RECHTBANK ZEELAND-WEST-BRABANT

Familie- en Jeugdrecht
Locatie Breda
Zaaknummer: C/02/416524 / JE RK 23-2115
Datum uitspraak: 21 december 2023
wijziging van de verdeling van de zorg- en opvoedingstaken
in de zaak van
STICHTING JEUGDBESCHERMING BRABANT, gevestigd te Tilburg,
hierna te noemen: de gecertificeerde instelling (GI),
over
[minderjarige 1], geboren op [geboortedag 1] 2013 in [geboorteplaats] ,
hierna te noemen [minderjarige 1] ,
[minderjarige 2], geboren op [geboortedag 2] 2018 in [geboorteplaats] ,
hierna te noemen [minderjarige 2] .
De rechtbank merkt als belanghebbenden aan:
[de moeder],
hierna te noemen de moeder,
wonende in [woonplaats] ,
advocaat mr. E.C.A.E. Verschuren te Gilze, Gemeente Gilze en Rijen,
[de vader],
hierna te noemen de vader,
wonende in [woonplaats] .

1.Het verdere verloop van de procedure

1.1.
Het verdere procesverloop blijkt uit de volgende stukken:
- de beschikking van de kinderrechter van deze rechtbank van 30 november 2023 en
alle daarin genoemde stukken;
- het e-mailbericht met bijlage van 7 december 2023 van mr. Verschuren.
1.2.
De mondelinge behandeling met gesloten deuren heeft plaatsgevonden op 12 december 2023. Daarbij waren aanwezig:
- een vertegenwoordiger van de GI;
- de moeder met haar advocaat;
- de vader.
1.3.
De rechtbank heeft [minderjarige 1] naar haar mening gevraagd. Volgens de vader heeft [minderjarige 1] een brief geschreven, welke op 6 december 2023 naar de rechtbank is gestuurd.

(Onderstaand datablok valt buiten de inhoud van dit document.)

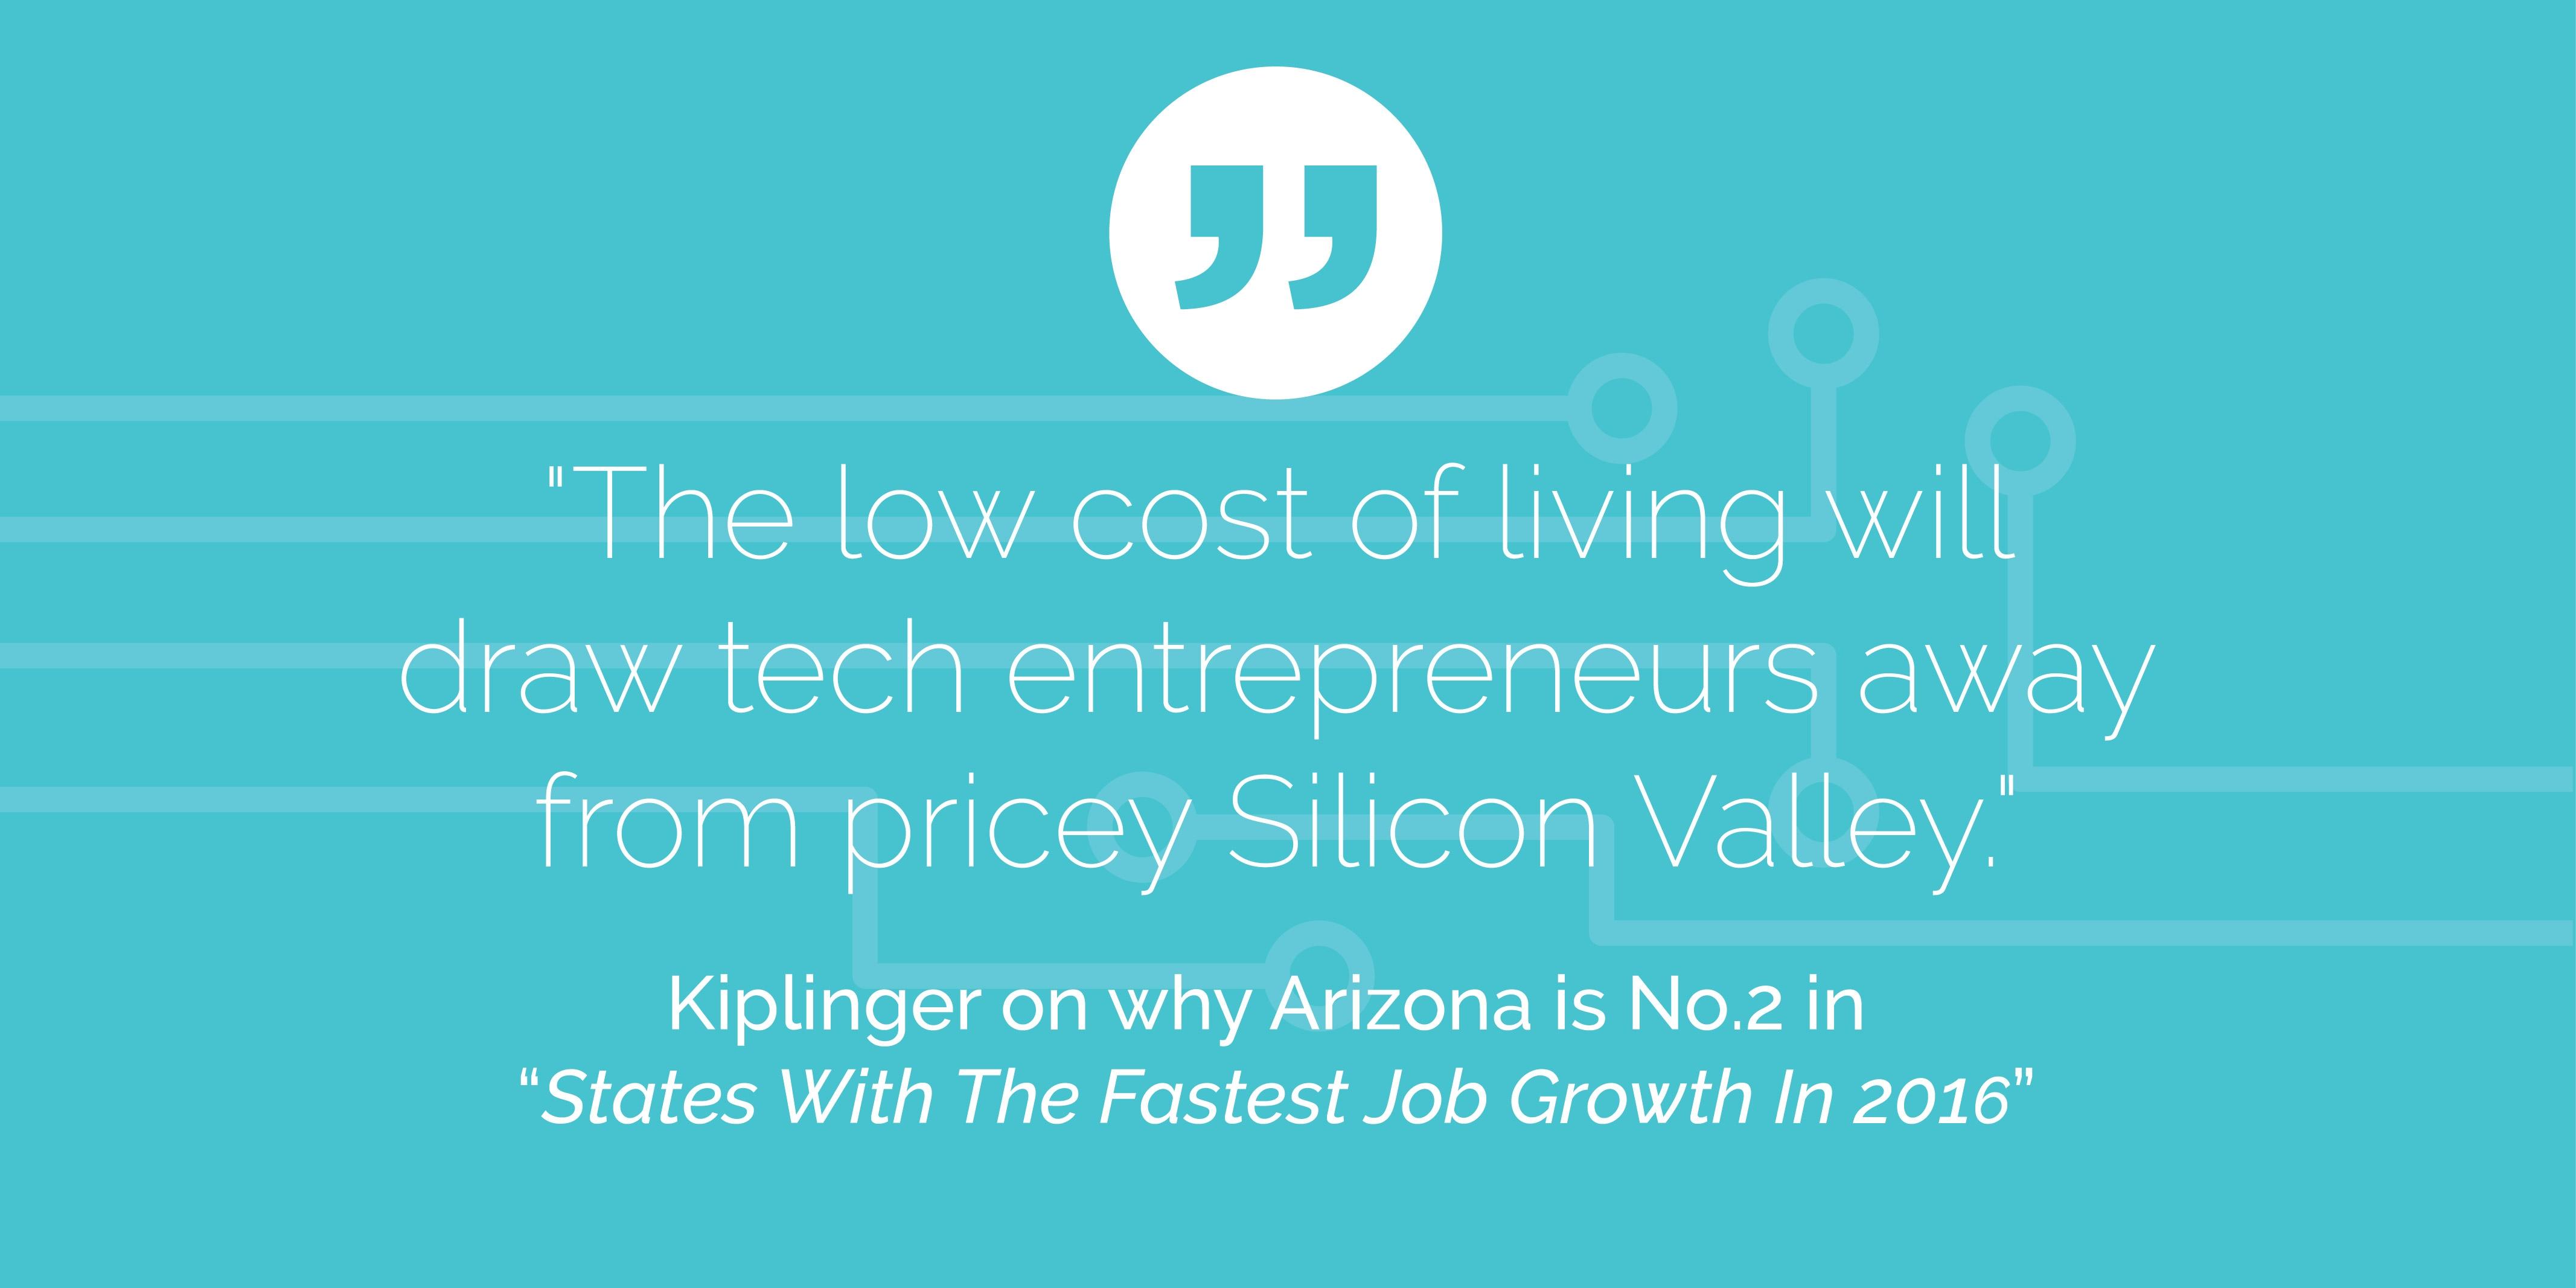 Arizona's Economy Is On The Rise   Office of the Arizona

De kinderrechter heeft helaas geen brief van [minderjarige 1] ontvangen.

2.De feiten

2.1.
De ouders zijn belast met het ouderlijk gezag over [minderjarige 1] en [minderjarige 2] .
2.2.
[minderjarige 1] woont bij de vader. [minderjarige 2] woont bij de moeder.
2.3.
Bij beschikking van 31 mei 2022 zijn [minderjarige 1] en [minderjarige 2] onder toezicht gesteld van de GI. De ondertoezichtstelling is daarna steeds verlengd, laatstelijk bij beschikking van 26 oktober 2023, waarbij de ondertoezichtstelling is verlengd tot 1 juni 2024.
2.4.
De kinderrechter heeft bij beschikking van 26 oktober 2023 de zorgregeling gewijzigd, in die zin dat [minderjarige 1] en [minderjarige 2] :
  • in de even weken van maandagochtend tot en met donderdagochtend bij de moeder en van donderdagmiddag tot en met maandagochtend bij de vader verblijven;
  • in de oneven weken van maandagmiddag tot en met woensdagochtend bij de moeder, van woensdagmiddag tot en met vrijdagochtend bij de vader en van vrijdagmiddag tot en met maandagochtend bij de moeder verblijven.
2.5.
Bij beschikking van 30 november 2023 heeft de kinderrechter, zonder het voorafgaand horen van belanghebbenden, voornoemde zorgregeling voorlopig gewijzigd, in die zin dat:
  • er met ingang van 30 november 2023 gedurende 1,5 week geen contact plaatsvindt tussen de moeder en [minderjarige 1] en [minderjarige 2] ;
  • er vanaf week 50 minimaal 1 keer per week gedurende 1,5 uur begeleide omgang plaatsvindt tussen de moeder en [minderjarige 1] en [minderjarige 2] en er daarnaast één keer per week een belmoment plaatsvindt tussen hen;
  • onder aanhouding van de beslissing op het resterende deel van het verzoek.

3.De verzoeken

3.1.
De GI verzoekt nu de zorgregeling te wijzigen, in die zin dat zij de bevoegdheid krijgt om de verdere invulling van de zorg- en contactregeling tussen de moeder en de minderjarigen – onder haar regie – nader vorm te geven en zo nodig uit te bereiden indien dit passend is in het belang van de minderjarigen.
3.2.
De moeder voert verweer en verzoekt primair het verzoek van de GI af te wijzen. Subsidiair verzoekt de moeder een zorgregeling vast te stellen waarbij de moeder en [minderjarige 1] , dan wel [minderjarige 1] en [minderjarige 2] om de week vier uur (on)begeleid contact hebben, dan wel meer subsidiair een zorgregeling die de kinderrechter in het belang van de kinderen wenselijk voorkomt.

4.De standpunten

4.1.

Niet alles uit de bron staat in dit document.